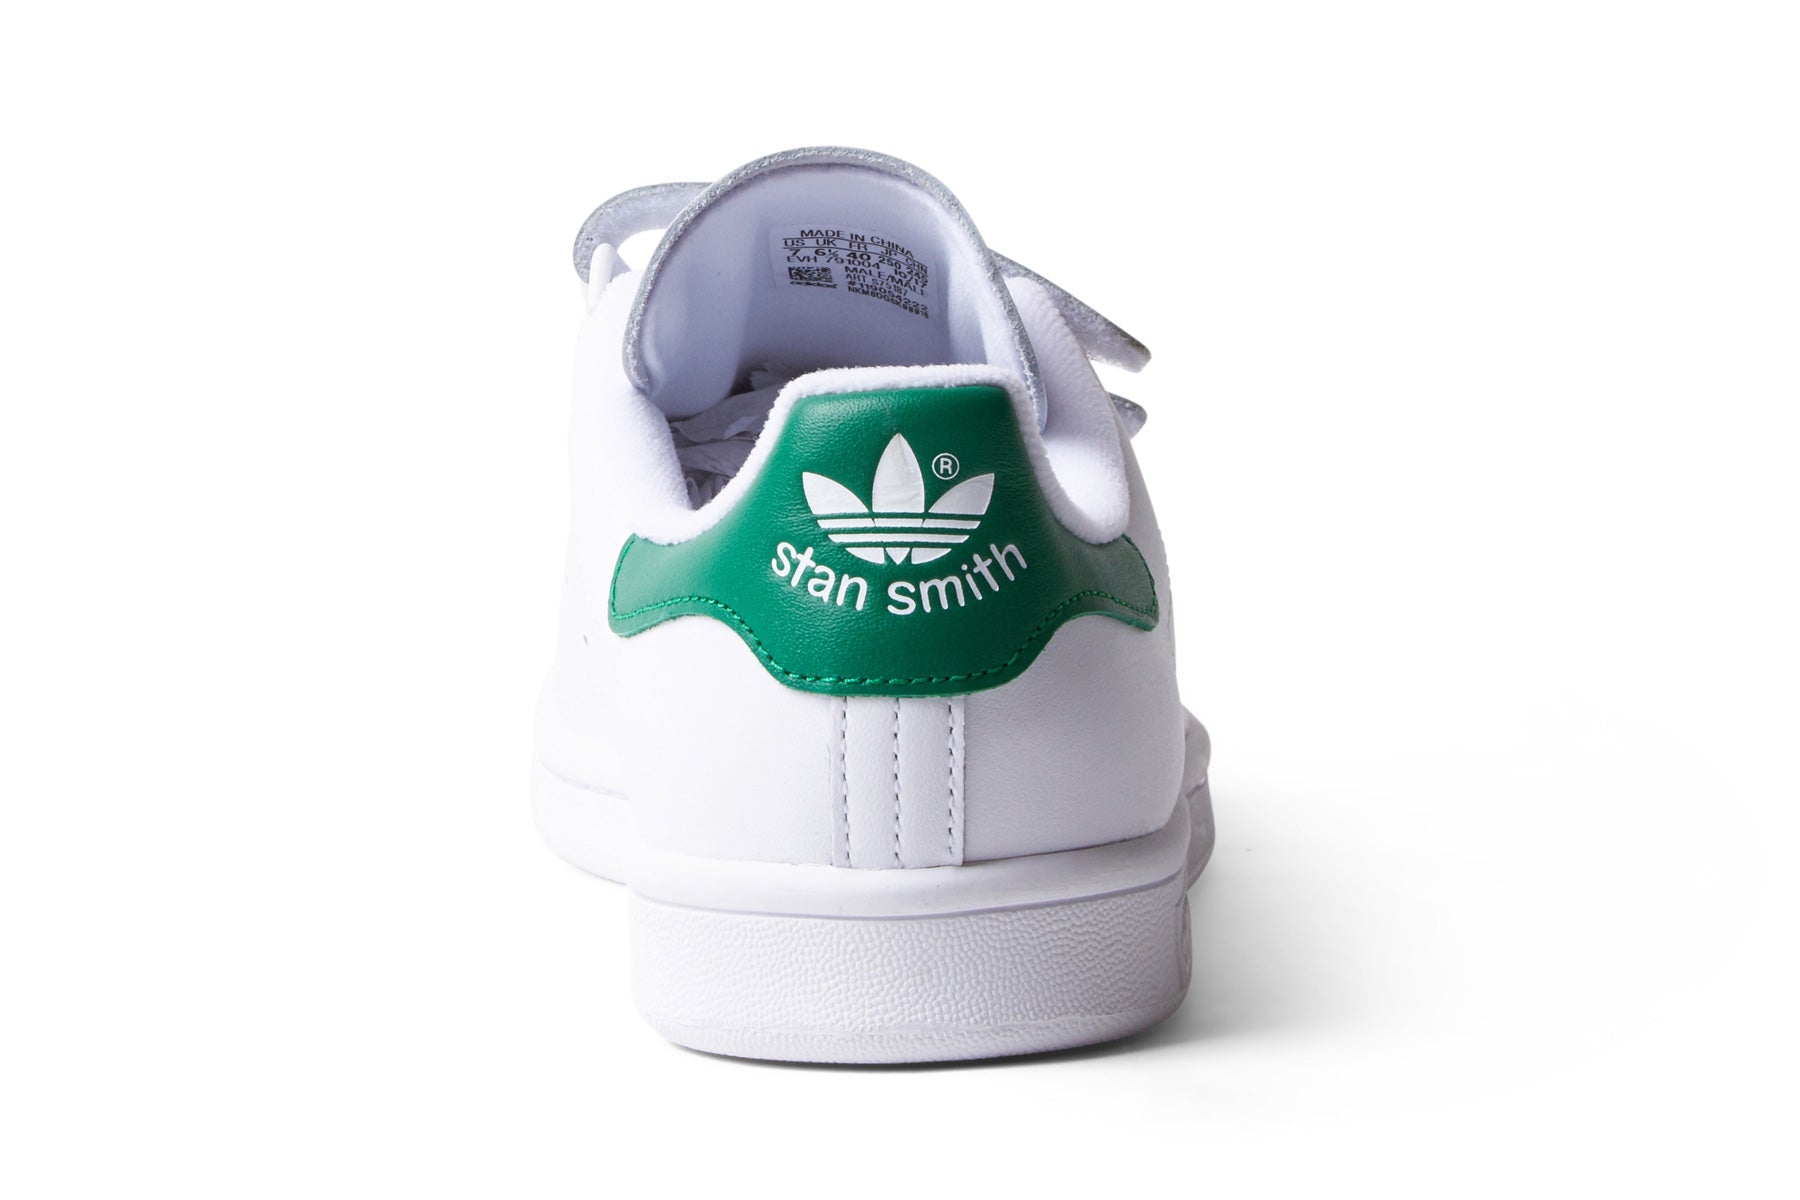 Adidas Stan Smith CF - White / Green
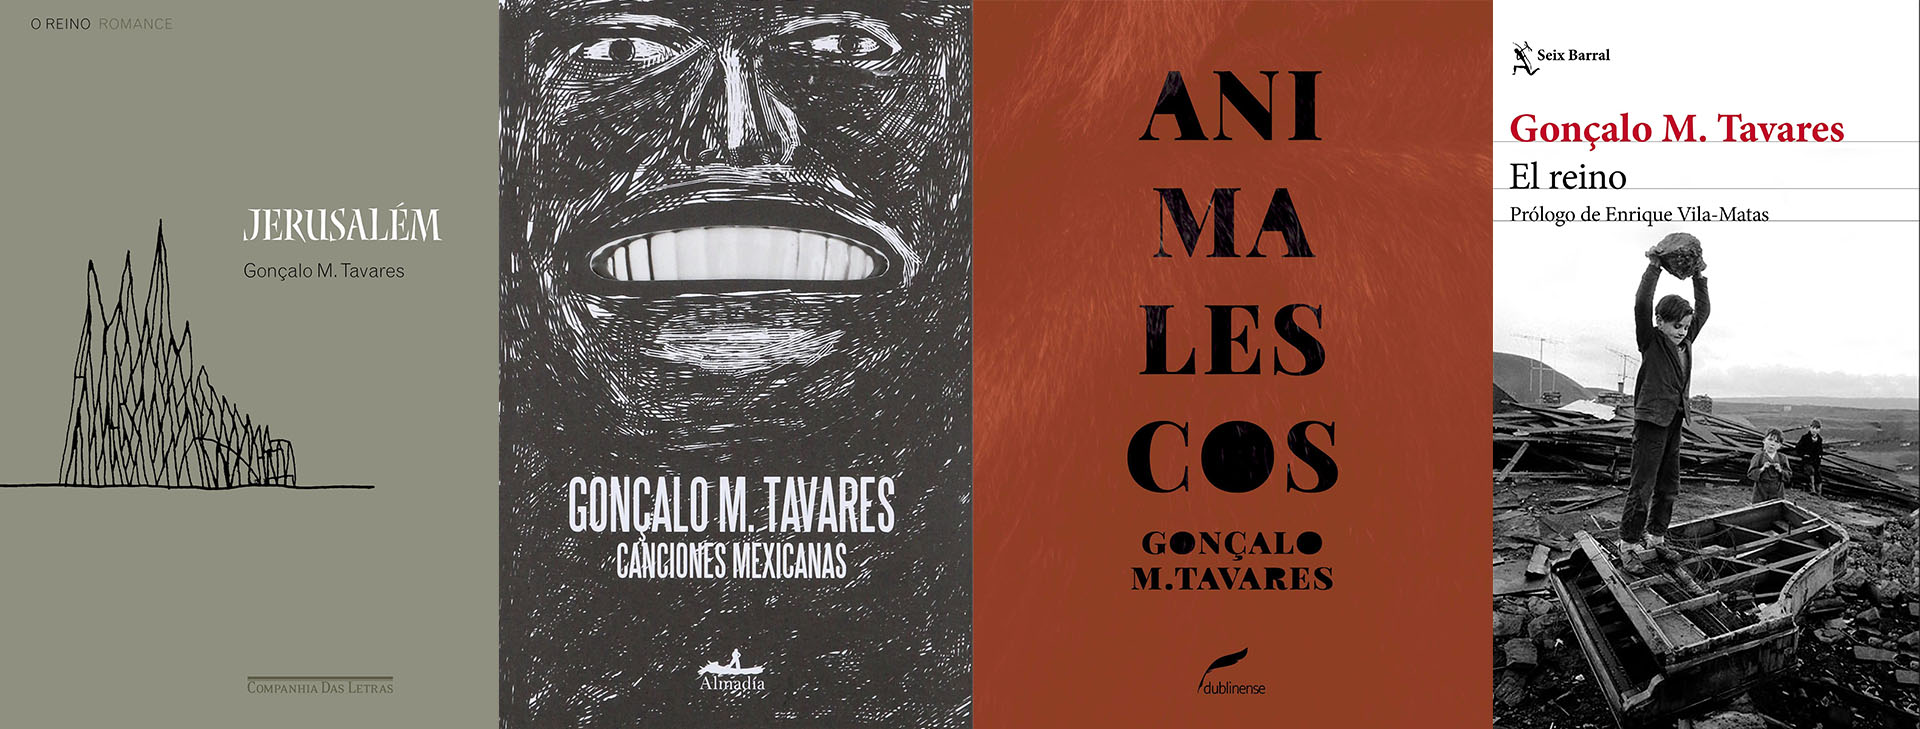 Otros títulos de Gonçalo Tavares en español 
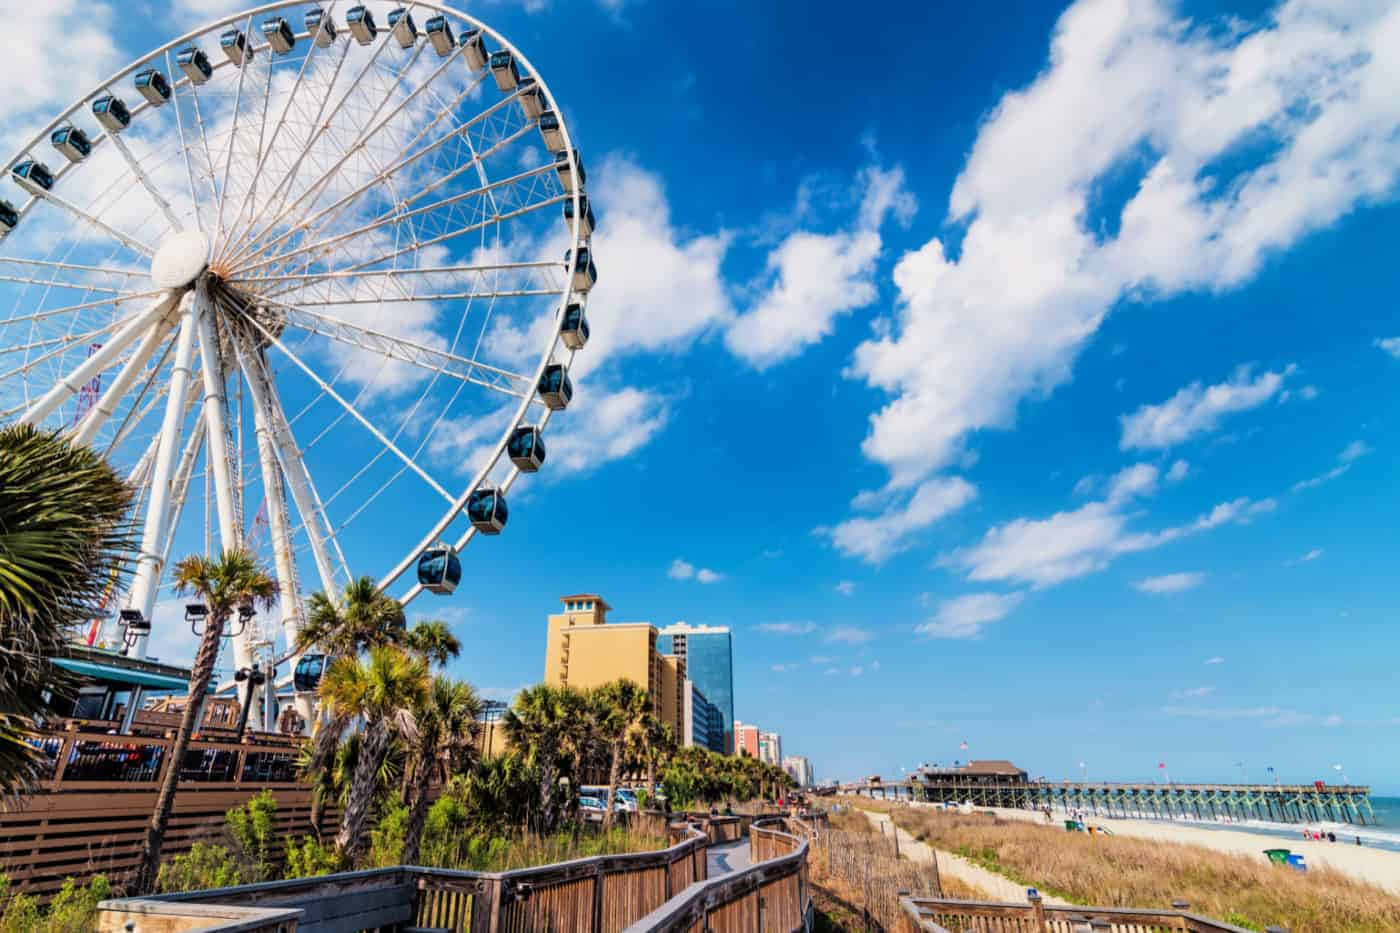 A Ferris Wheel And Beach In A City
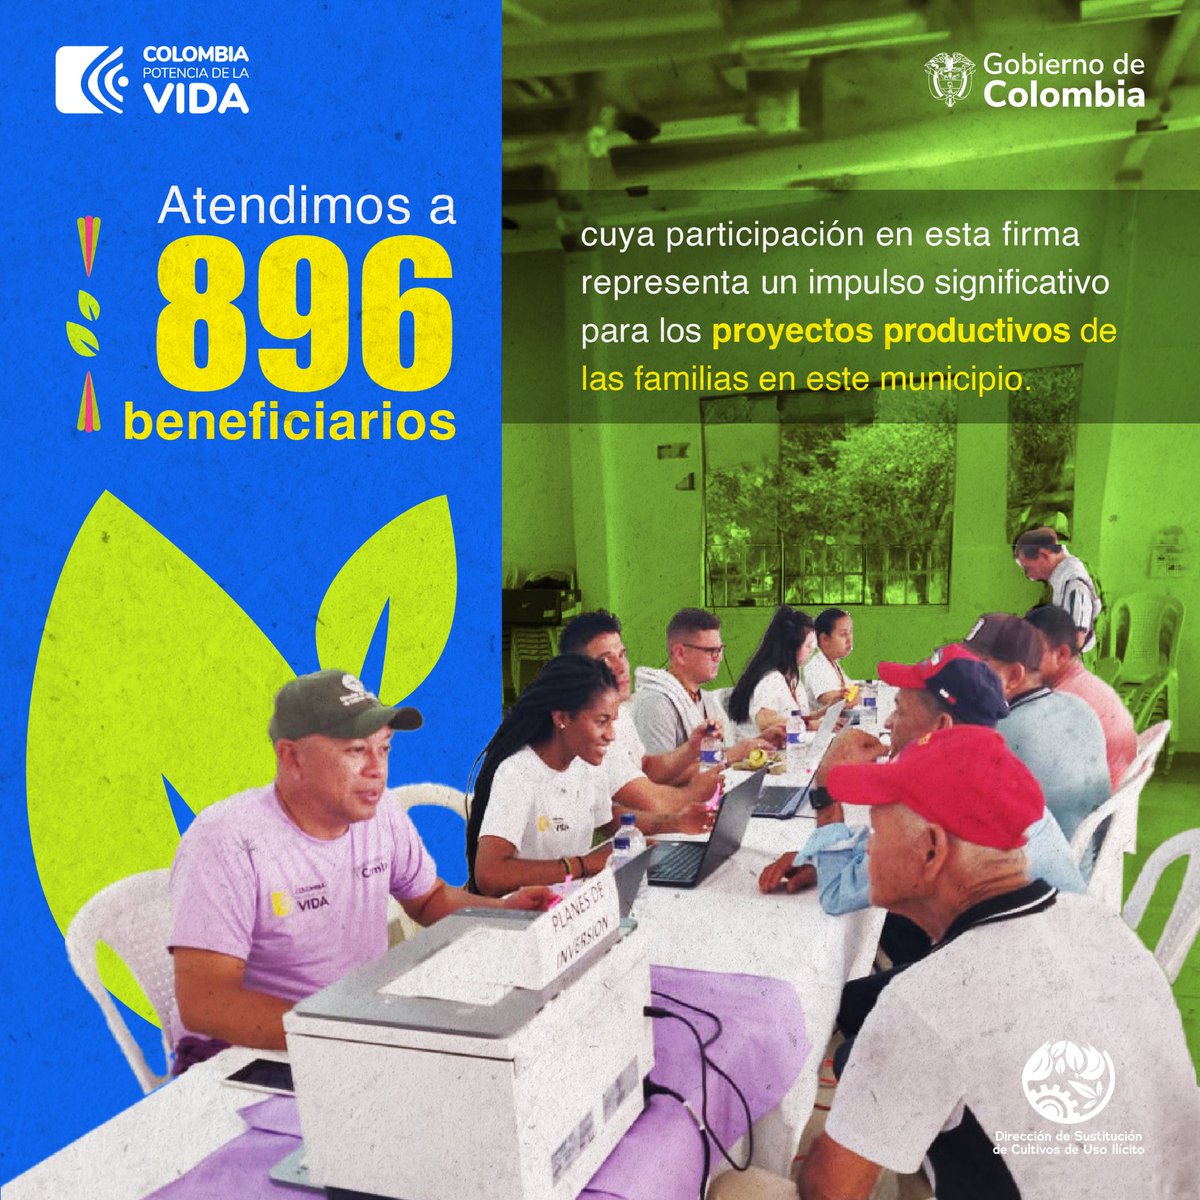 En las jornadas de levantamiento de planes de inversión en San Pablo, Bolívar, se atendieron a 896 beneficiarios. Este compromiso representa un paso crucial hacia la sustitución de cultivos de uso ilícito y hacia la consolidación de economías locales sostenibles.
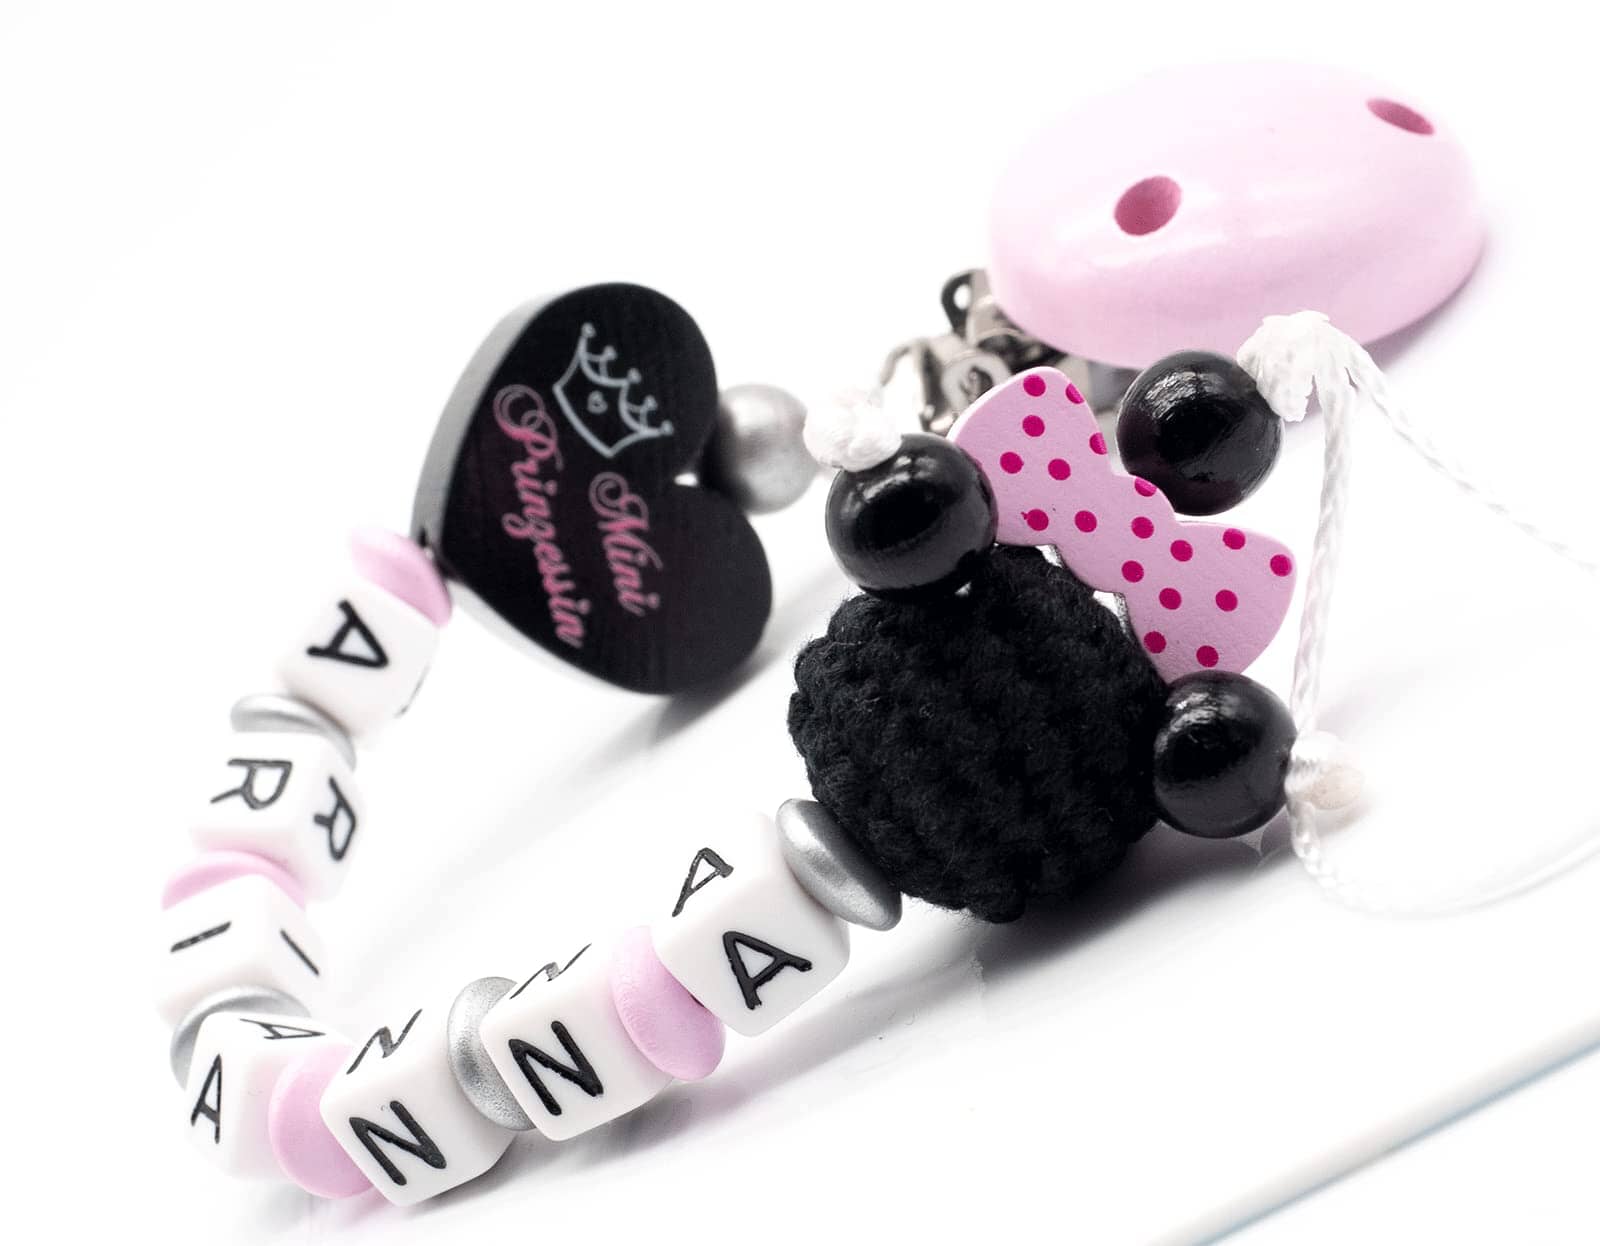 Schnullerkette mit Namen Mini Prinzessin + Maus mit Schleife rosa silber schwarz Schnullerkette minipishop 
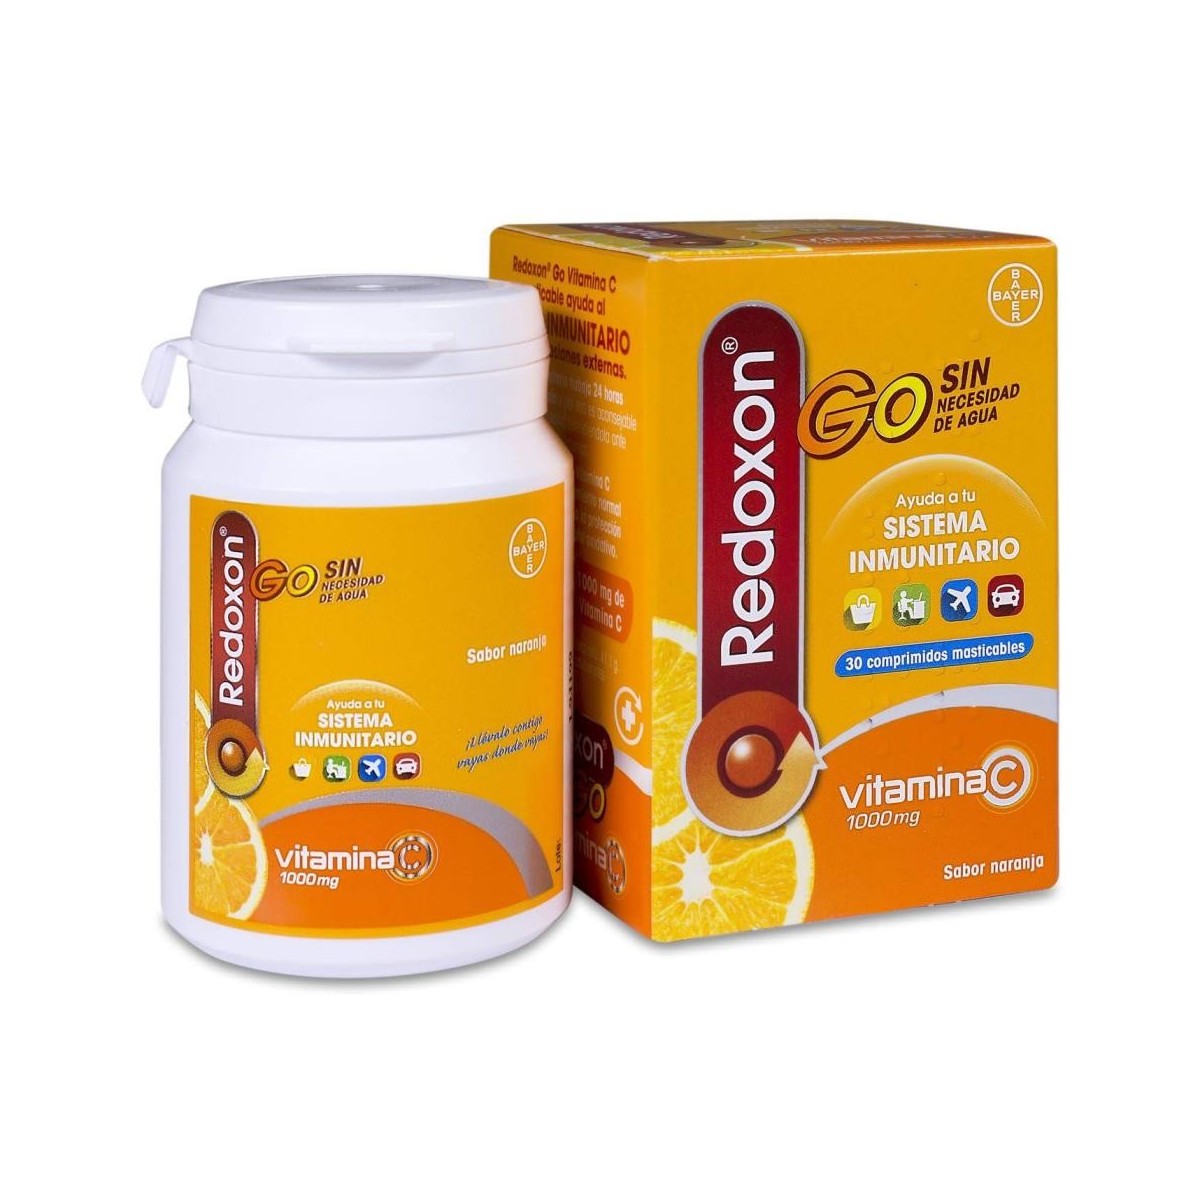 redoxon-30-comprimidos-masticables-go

▶ WHAT YOU ARE ASKED TO DO
Leave out any pictures, please, and quote only the lines from the top of the data through the line that contains "En las jornadas".

▶ PROBLEM SOLUTION
 Adidas Stan Smith CF - White / Green
 Otros títulos de Gonçalo Tavares en español 
 A Ferris Wheel And Beach In A City
 En las jornadas de levantamiento de planes de inversión en San Pablo, Bolívar, se atendieron a 896 beneficiarios. Este compromiso representa un paso crucial hacia la sustitución de cultivos de uso ilícito y hacia la consolidación de economías locales sostenibles.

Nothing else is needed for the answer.